Player Mod Votes Actual Votes Elected Above Votes
Greg Maddux 90.99 91 10000 87.99
Tom Glavine 88.98 89 10000 80.35
Frank Thomas 85.05 83 10000 59.84
Craig Biggio 77.45 74 10000 36.08
Mike Piazza 75.04 70 9905 27.69
Jeff Bagwell 65.81 61 1380 15.94
Tim Raines 59.62 55 0 11.44
Jack Morris 58.20 57 0 16.42
Barry Bonds 48.34 44 0 7.13
Roger Clemens 47.28 43 0 6.80
Curt Schilling 42.77 39 0 4.89
Mike Mussina 32.20 29 0 2.63
Edgar Martinez 24.75 22 0 1.78
Alan Trammell 24.56 22 0 1.77
Lee Smith 19.78 18 0 2.31
Fred McGriff 14.67 13 0 0.81
Larry Walker 12.61 11 0 0.76
Jeff Kent 12.49 11 0 0.64
Sammy Sosa 10.26 9 0 0.68
Mark McGwire 10.25 9 0 0.51
Rafael Palmeiro 6.89 6 0 0.46
Don Mattingly 2.30 2 0 0.07

Now, rather than having 5 locks as before (Piazza’s 70 known votes would guarantee him election in this 92-voter electorate), only 4 players always get in, and while Piazza usually does make it, he’s no longer a sure thing. Compared to 2013 and 2012, there are more candidates close to or above pace for induction, and with such broad agreement it seems that it doesn’t take as long for a given voter’s 4 picks to all be elected, at which point that voter’s ballot is no longer used to add votes to other players. So in this case the fixed level runoff of 4 doesn’t redistribute as many votes as using the overall ballot totals would, resulting in a somewhat reduced chance of reaching 75%.
So the public ballot sample (which is not representative of the full electorate, so please don’t think I’m expecting 5 players to be elected!) has shown a sharp increase in numbers of players per ballot.

Year Ballots Players per Ballot
2012 114 4.85
2013 168 6.52
2014 92 9.34

In 2012, the average ballot had fewer than 5 names, but now it’s more than 9. So the overall bar is effectively lower running my original model (assuming the bar would be after any of the voter’s choices) now than it was in 2013 or 2012.

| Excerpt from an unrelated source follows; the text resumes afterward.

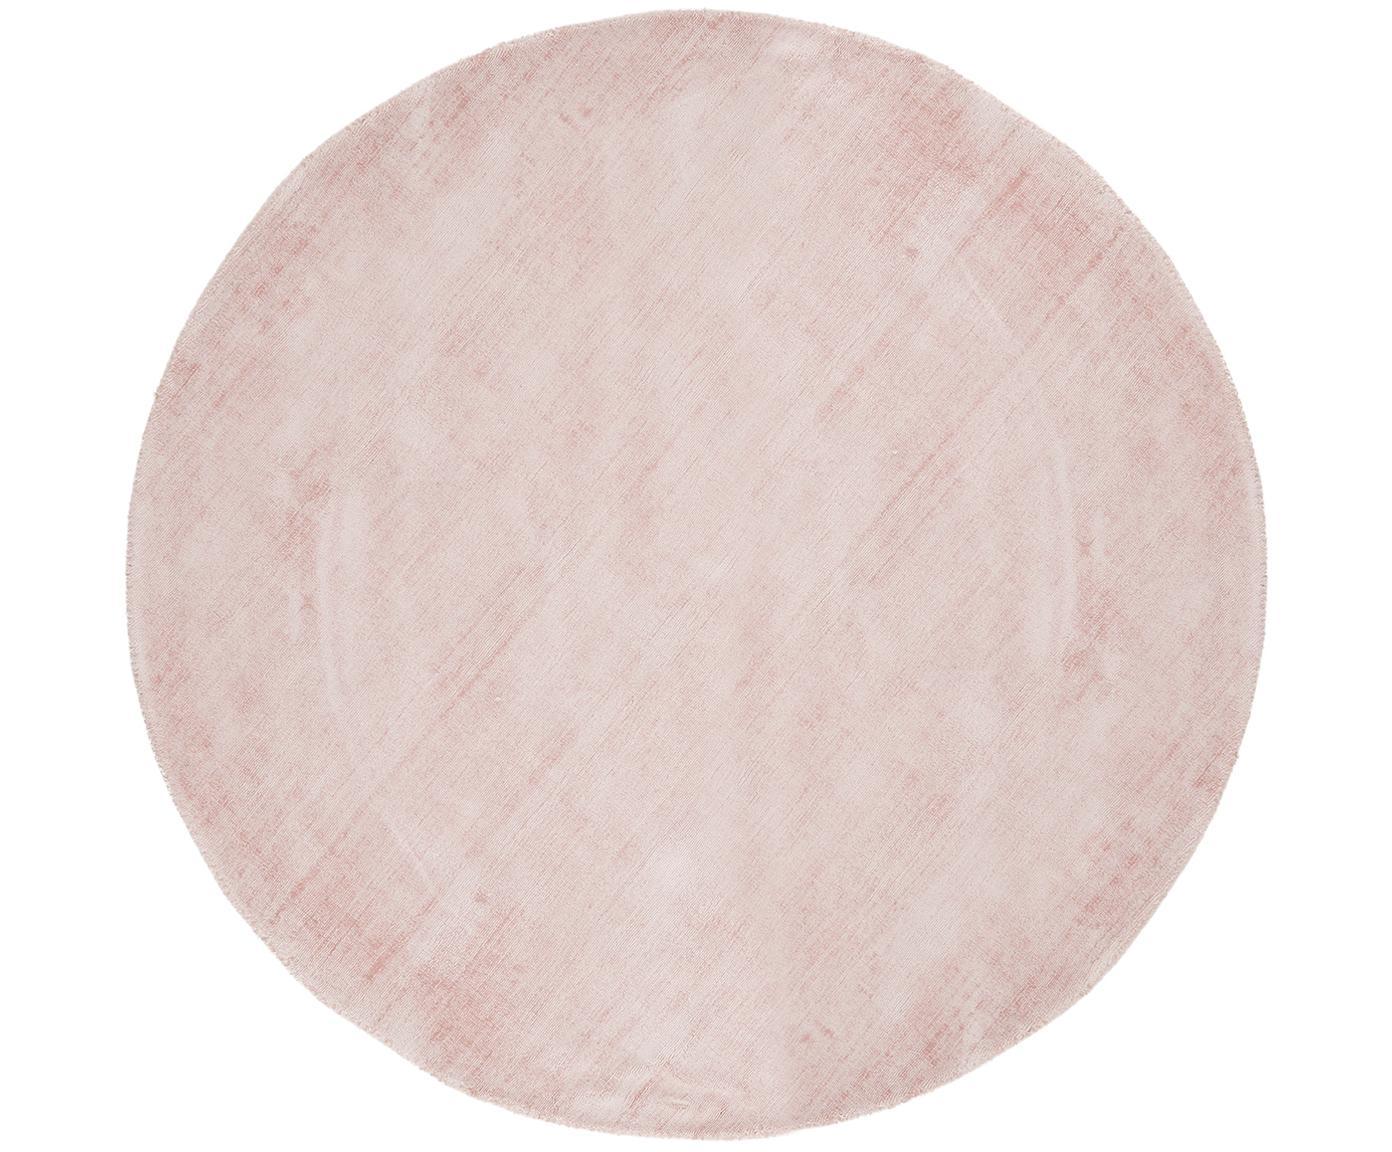 Handgeweven viscose vloerkleed Jane, Bovenzijde: 100% viscose, Onderzijde: 100% katoen, Roze, Ø 200 cm

Instant runoff voting looks like it would help accelerate getting players into the Hall of Fame, and using that process in years where there are not particularly strong candidates would de facto lower standards. Consider that Lee Smith very likely gets in using this model on 2012 data, and both Alan Trammell and Edgar Martinez sometimes make it, yet none of them come close in 2013 or 2014 as the ballot gets more crowded.

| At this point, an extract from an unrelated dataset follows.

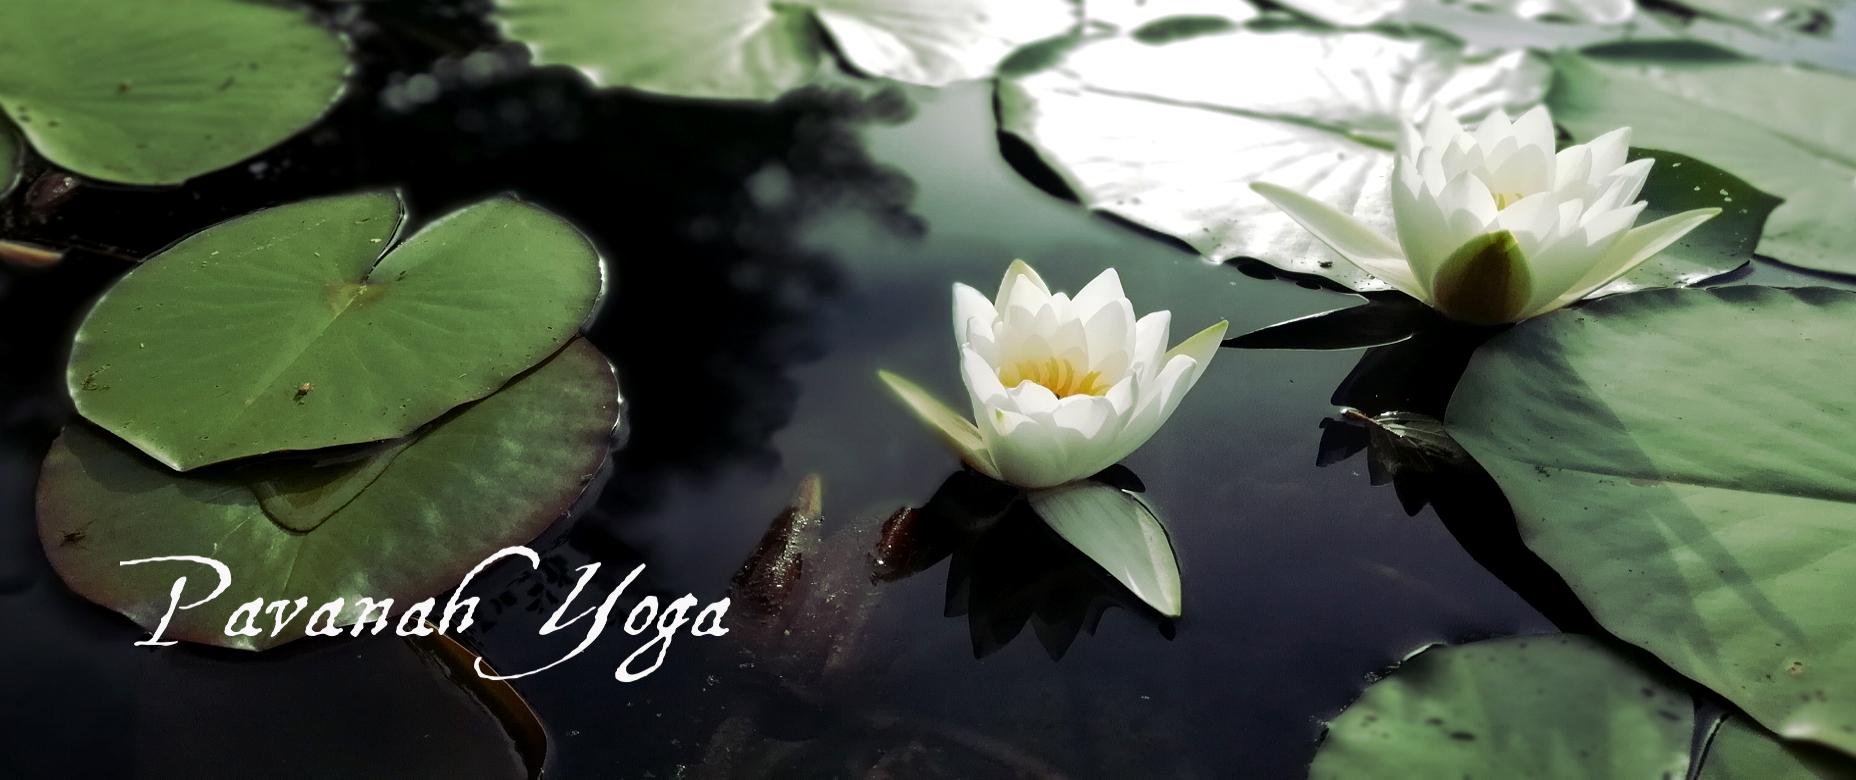 Pavanah yoga

I do reiterate that the public ballots are a small, non-representative subset of the overall Hall of Fame electorate, but for 2012 and 2013, where there are actual vote percentages, I did use them instead of sample percentages in weighting whether to use a player to fill out a ballot, or deciding whether he goes above or below the line.It is an interesting variant on the voting process, and it might be good to apply it in years when the BBWAA does not elect anybody as an attempt to ensure at least one living player gets inducted each summer. I’m sure Cooperstown’s hotel managers would appreciate that!